The trial court in 2014 had held that there was a presumption that consideration for the purchased land was paid by the husband as the wife admittedly did not have any income.

The High Court said even if it is taken as truth, the property stood in the wife’s name.

“The wife cannot be regarded as a property of the husband nor she is expected to seek any permission from the husband to do any act or a thing which she decided to do in her life,” it added.

The Court said that if the husband can sell the property without the wife’s approval, then the property standing in the name of the wife can be sold by her without his permission.

“We have to eradicate the mindset of gender inequality and therefore the finding of the judge in the trial court is unacceptable and untenable,” it said

The Court also observed that dominance of men over women is not acceptable to the present society “nor the framers of our Constitution ever inculcated such sense.”

On the trial court’s finding that the withdrawal of money by the wife from the joint bank account held with the father-in- law after his death constitutes cruelty, the High Court said it was far-fetched and untenable.

In fact, the High Court said that the trial court ought to have considered it from a different angle because the father-in-law reposing confidence in daughter-in-law by opening joint bank account with her destroys the allegations by the husband that the wife was indifferent and quarrelsome within 15 days of marriage.

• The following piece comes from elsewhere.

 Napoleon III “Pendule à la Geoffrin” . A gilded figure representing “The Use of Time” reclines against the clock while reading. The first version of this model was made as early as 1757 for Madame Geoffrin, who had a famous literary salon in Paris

It also rejected the trial court’s finding that the couple were unhappy since the inception of marriage.

“Within two years of marriage the parties were blessed with the daughter and, therefore, it cannot be said that since the inception of the marriage they were not happy,” it stated.

While rejecting the allegation of desertion against the wife, the Court noted that parties have been living in the same house but in separate rooms.

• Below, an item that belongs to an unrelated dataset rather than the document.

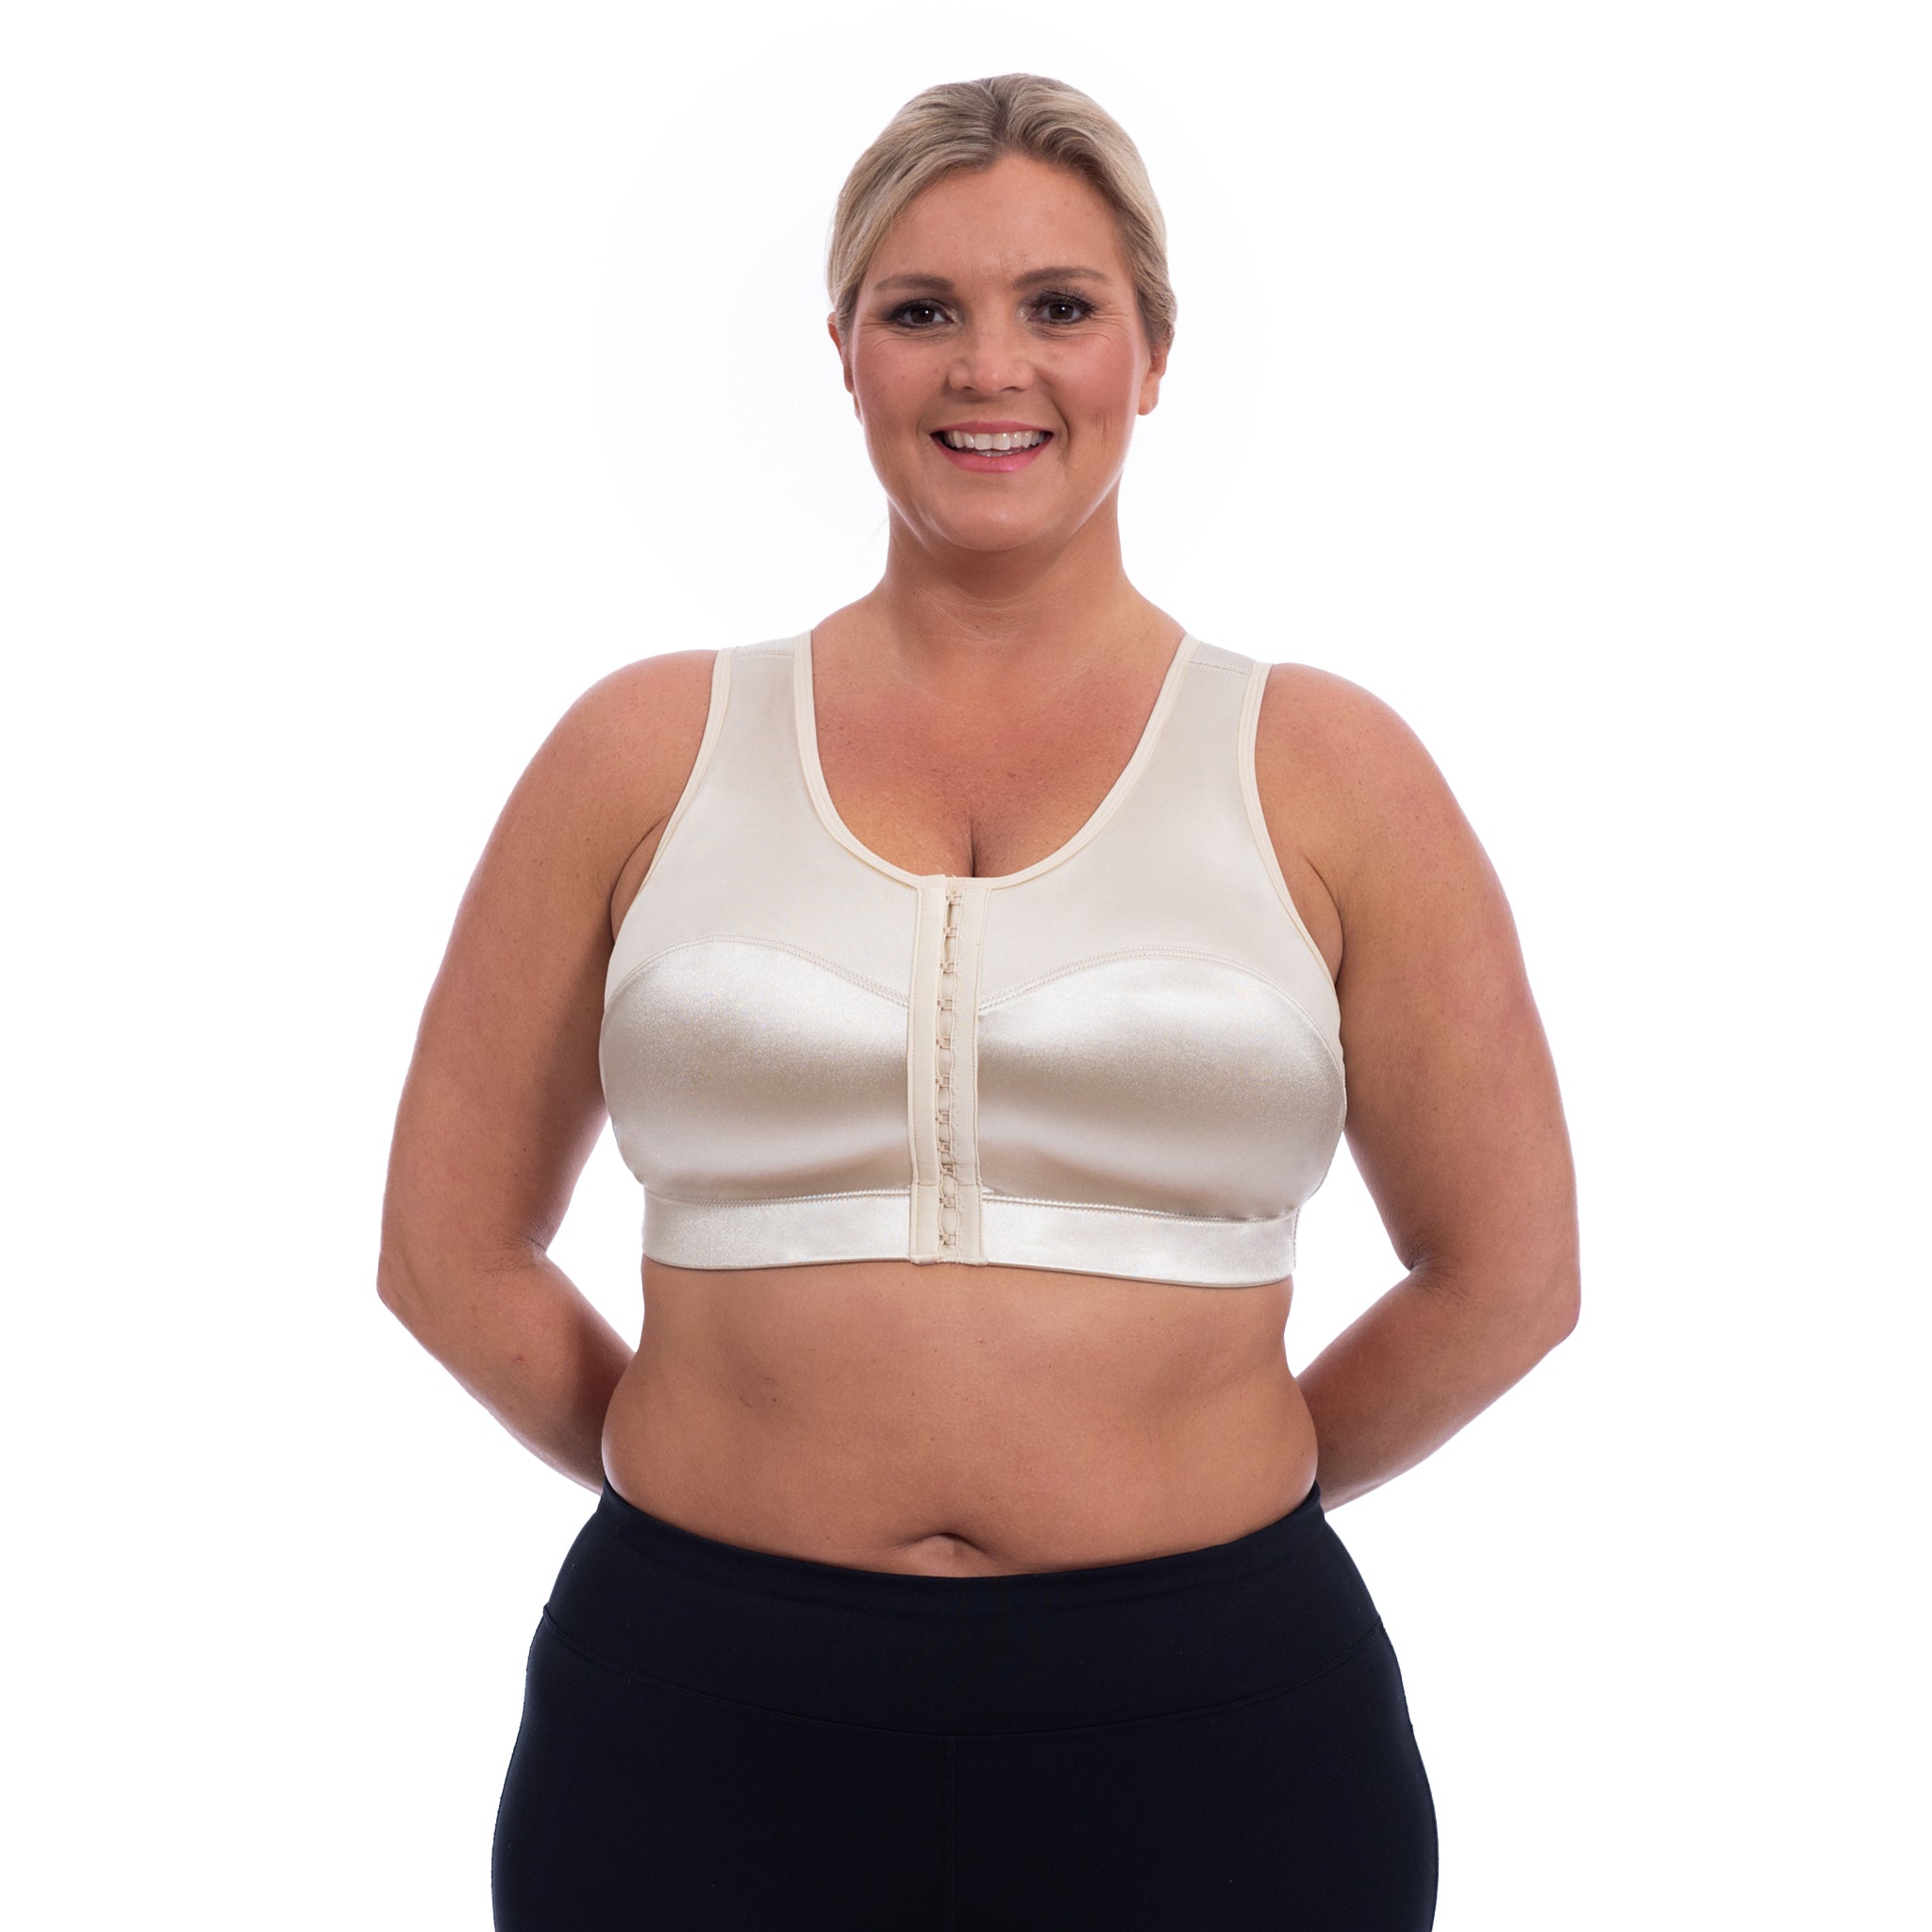 Whenever someone asks why all ENELL bras have front closures, we

Taking into account the wife’s assertion that she wanted to restore the relationship, the Court said even though the couple have not established the co-habitation since 2003, the evidence reveals that the husband did not intend to cohabit with the wife.

“We find that the judgement and decree passed by the Trial Court cannot be sustained,” the Court said while setting aside the divorce decree in the case dating back to 2007.

Advocate Chandreyi Alam represented the appellant.

Advocate Saurav Chaudhuri represented the defendant.